Con il VII Programma quadro l’Unione Europea introduceva un progetto pilota sull’accesso aperto: ai ricercatori si chiedeva di pubblicare i propri lavori direttamente in riviste ad accesso aperto oppure in repository istituzionali o disciplinari, depositando una versione del proprio lavoro uguale a quella pubblicata, ma con il layout dell’autore. Quella che inizialmente era una opzione è diventata nei Programmi Quadro successivi un obbligo. In H2020 è stato avviato un progetto pilota sui dati FAIR (findable, accessible, interoperable e reusable) e la produzione di Data management plans per documentare il trattamento e la gestione dei dati e favorirne il riuso (anche in questo caso quella che prima era una opzione è poi diventato un obbligo). Con Horizon Europe, le pratiche di open science sono ritenute necessarie e trasversali a tutte le attività di progettazione di una ricerca a partire dalla stesura della proposta.
Ma cosa è effettivamente la scienza aperta e come si realizza per davvero? Qualcuno ha detto che non ha senso parlare di scienza e scienza aperta perché le due cose coincidono per cui la scienza aperta dovrebbe essere la pratica “normale” della scienza. Qualcun altro ritiene queste attività “difficili” da realizzare oppure ritiene che la scienza aperta si trovi con armi spuntate di fronte a sistemi di valutazione nazionali e locali che per ora non sembrano riconoscere ancora il valore della apertura, anzi a volta lo guardano con sospetto.
Open science in effetti è molto più che open access (come spesso si crede nel nostro Paese) e dati FAIR. Nel progetto FOSTER troviamo la definizione comunemente accettata:
Open Science is the practice of science in such a way that others can collaborate and contribute, where research data, lab notes and other research processes are freely available, under terms that enable reuse, redistribution and reproduction of the research and its underlying data and methods.

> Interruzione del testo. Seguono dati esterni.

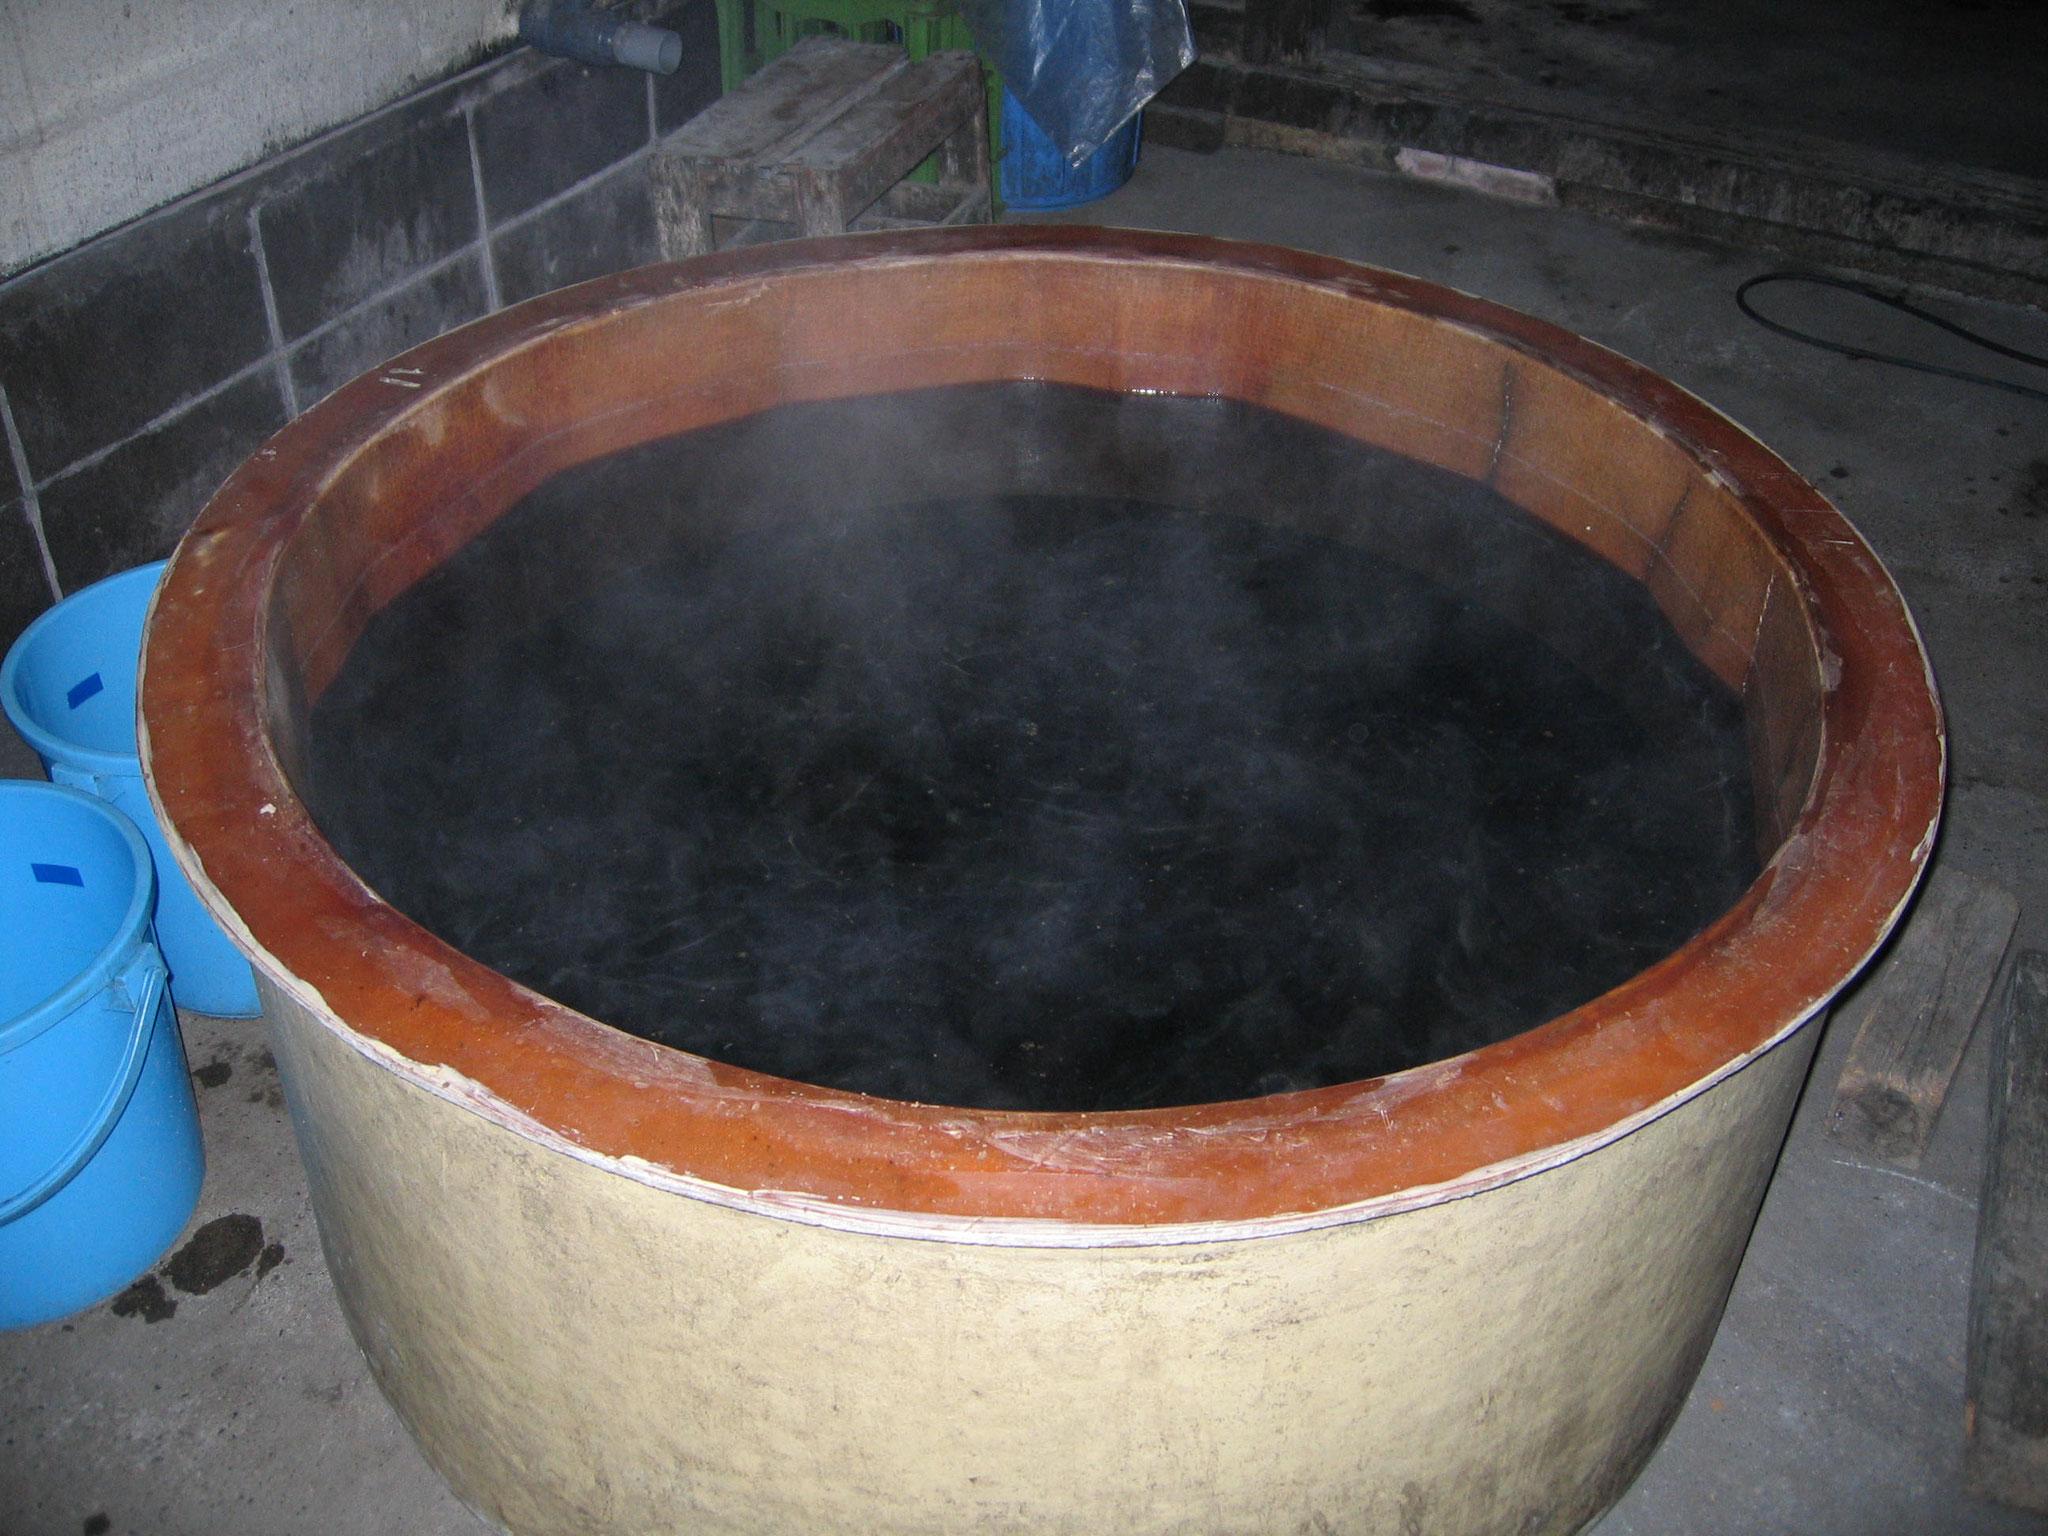 溶かすと上澄み液と酒粕が分離します。

La Commissione Europea ha anche definito 8 pillars che rappresentano tutte quelle dimensioni di accessibilità, trasparenza e riproducibilità fondamentali perché la scienza sia veramente aperta:
Fair data, Research integrity, Next generation metrics, Future of scholarly communication, Citizen science, Education and skills, Reward and incentives, European Open Science Cloud.
Inoltre, sotto l’egida della Commissione europea è stato avviato un processo di riforma della valutazione della ricerca che si basa su alcuni principi della scienza aperta, come la trasparenza del processo valutativo (Agreement on Reforming Research Assessment; per un commento v. qui). I principi alla base dell’agreement sono oggetto di un ampio dibattito scientifico con voci a favore e contro. Sta di fatto che il processo di riforma sta entrando nella sua prima fase operativa (CoARA).
Da qualche anno anche i Paesi membri della Unione europea hanno cominciato a varare alcune misure (politiche e soprattutto finanziamenti) atte a sostenere la scienza aperta (qui e qui alcuni esempi), e di queste politiche sia i paesi membri sia la Commissione europea monitorano con attenzione gli effetti e gli sviluppi.
L’anno scorso anche il nostro Paese ha emanato un Piano nazionale sulla scienza aperta, per ora rimasto sostanzialmente lettera morta e privo di investimenti pubblici volti alla sua attuazione. Recentemente il MUR ha costituito un tavolo di lavoro per l’implementazione del Programma Nazionale per Scienza Aperta che dovrà:
– redigere un documento operativo per l’attuazione del PNSA 2021-2027 comprensivo di priorità, tempi ed eventuali costi;
– proporre processi per individuare le attività già in essere nel Paese riconducibili agli obiettivi del PNSA 2021-2027;
– monitorare gli interventi che saranno eseguiti nelle varie fasi di implementazione del piano.
Il tempo dirà se il Piano nazionale sulla scienza aperta si trasformerà da lettera morta a lettera viva.
Nel frattempo, in alcuni ambiti specifici, le cose evolvono rapidamente. Uno di questi ambiti è quello della comunicazione e condivisione di risultati della ricerca validati e attendibili (il pillar Future of scholarly communication) e in particolar modo delle modalità con cui le ricerche vengono validate e disseminate. Per moltissimi anni il ruolo di validazione e disseminazione delle ricerche è stato delegato esclusivamente alle riviste scientifiche e a soggetti commerciali, ma oggi le cose sono molto più articolate e complesse, a seguito della nascita di piattaforme e iniziative scholar led che mirano a disaccoppiare il momento della valutazione da quello della disseminazione, e alla introduzione di una diversa gestione dei diritti d’autore. Un’antica tradizione e una nuova tecnologia sono confluite per dar vita a un bene pubblico senza precedenti, recita l’incipit della Berlin Declaration.
ROARS intende presentare alcune di queste nuove esperienze facendosele raccontare direttamente dai protagonisti che le hanno ideate e che le portano avanti, sempre secondo i principi di condivisione, trasparenza e accessibilità che contraddistinguono la scienza aperta.